Thus, for the first time in the memory of man, the Old World was under one master; but it was impossible to keep the people of the Caucasus and those of Egypt, the Greeks of Asia Minor and the Iranians of Media, the Scythians of Bactriana and the Semites of the Euphrates, under one ruler, so the empire dissolved as quickly as it had been formed.

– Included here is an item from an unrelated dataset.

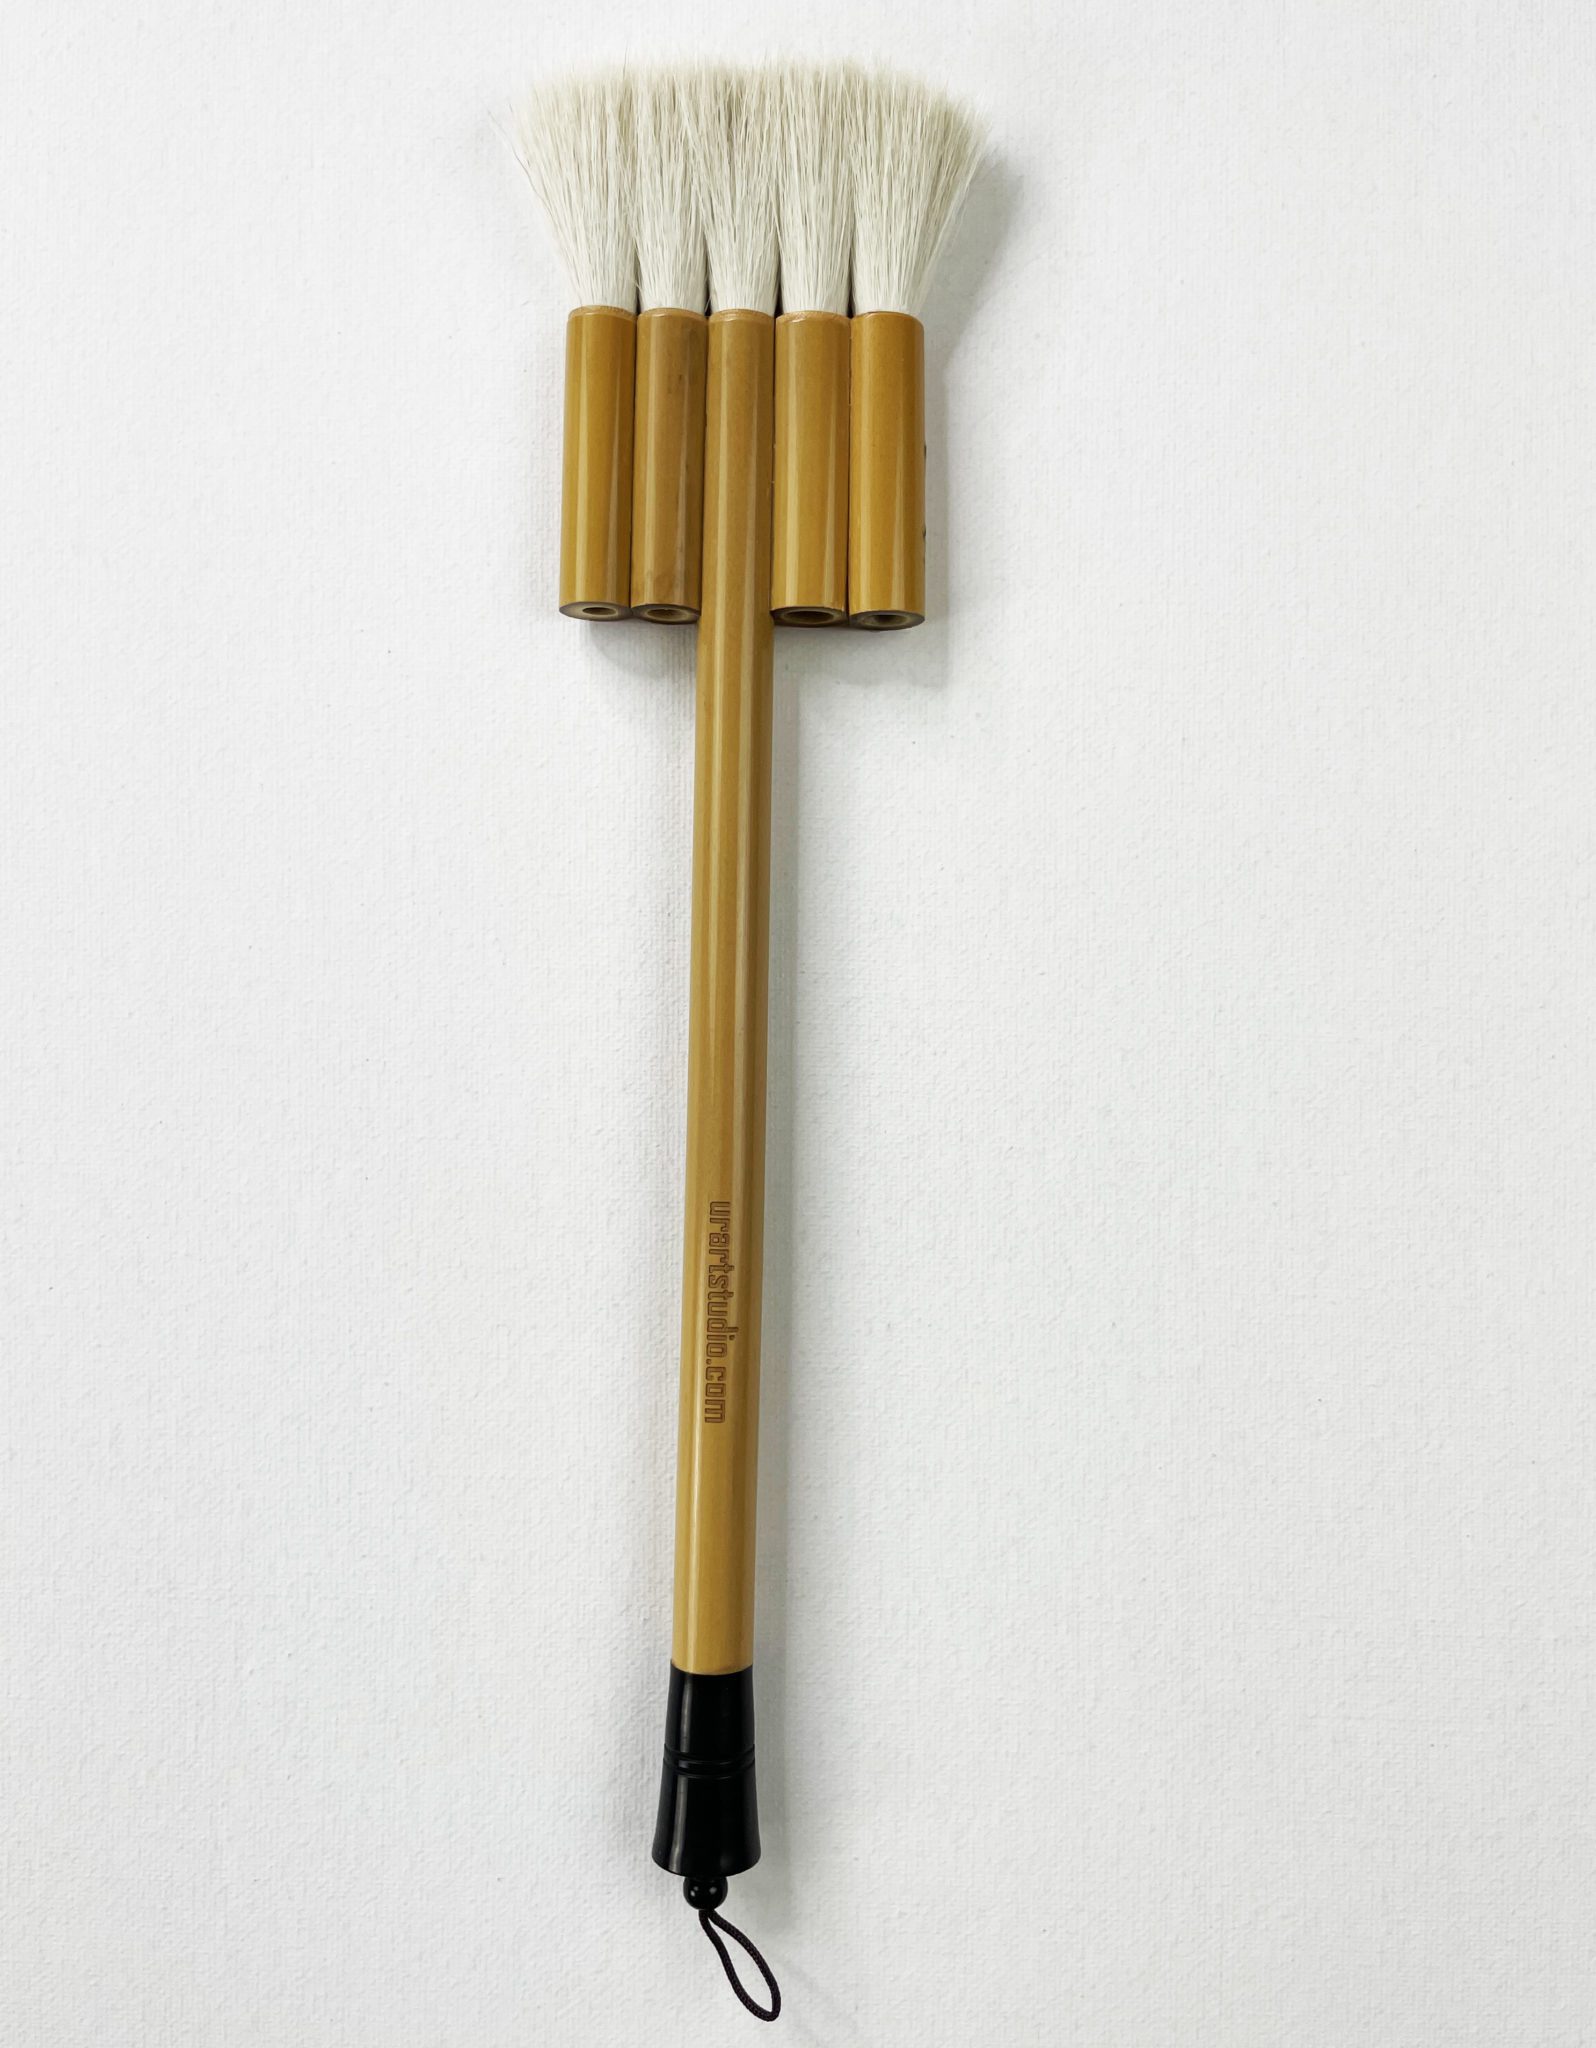 Major Brushes Soft Synthetic Blending Artist Paintbrush - WASH 1.5 / 38mm

At first Cambyses tried to win over his new subjects by complying with their customs. He adopted the double cartouche, the protocol, and the royal costume of the Pharaohs; and in the double hope of appeasing their personal rancour and of conciliating the loyalist party, he repaired to Saïs, violated the tomb of Aahmes, and burnt his mummy; and after accomplishing this posthumous act of justice, he treated Ladike, the widow of the usurper, with deference and sent her back to her parents. He gave orders for the evacuation of the great temple of Nit, where Persian troops were installed to the great distress of the devotees, and repaired the harm they had done at his own expense. His zeal even led him to receive instruction in the Egyptian religion, and to be initiated in the mysteries of the goddess, by the priest Uzaharrasenti. In fact, he acted in Egypt as his father had done in Babylon, and he had his reasons for this condescension to the vanquished, for he hoped to make Memphis and the Delta the basis for his operations in southern Africa. He seemed to care little about the voluntary submission of Cyrene ; at least Dorian tradition maintains that he scorned the gifts of Arcesilaus III and gave to his soldiers, in handfuls, the five hundred minas (Egyptian measure) of gold which the prince had paid him as a tribute. The Greeks of Libya were not rich enough to arouse interest, but the fame of Carthage, exaggerated by time and distance, excited his cupidity. Carthage was then at the height of her grandeur. She commanded the old Phoenician settlements in Sicily, Africa, and Spain, her navy had unrivalled sway over the western basin of the Mediterranean, and her merchants penetrated into the distant fabulous regions of southern Europe and Mauretania.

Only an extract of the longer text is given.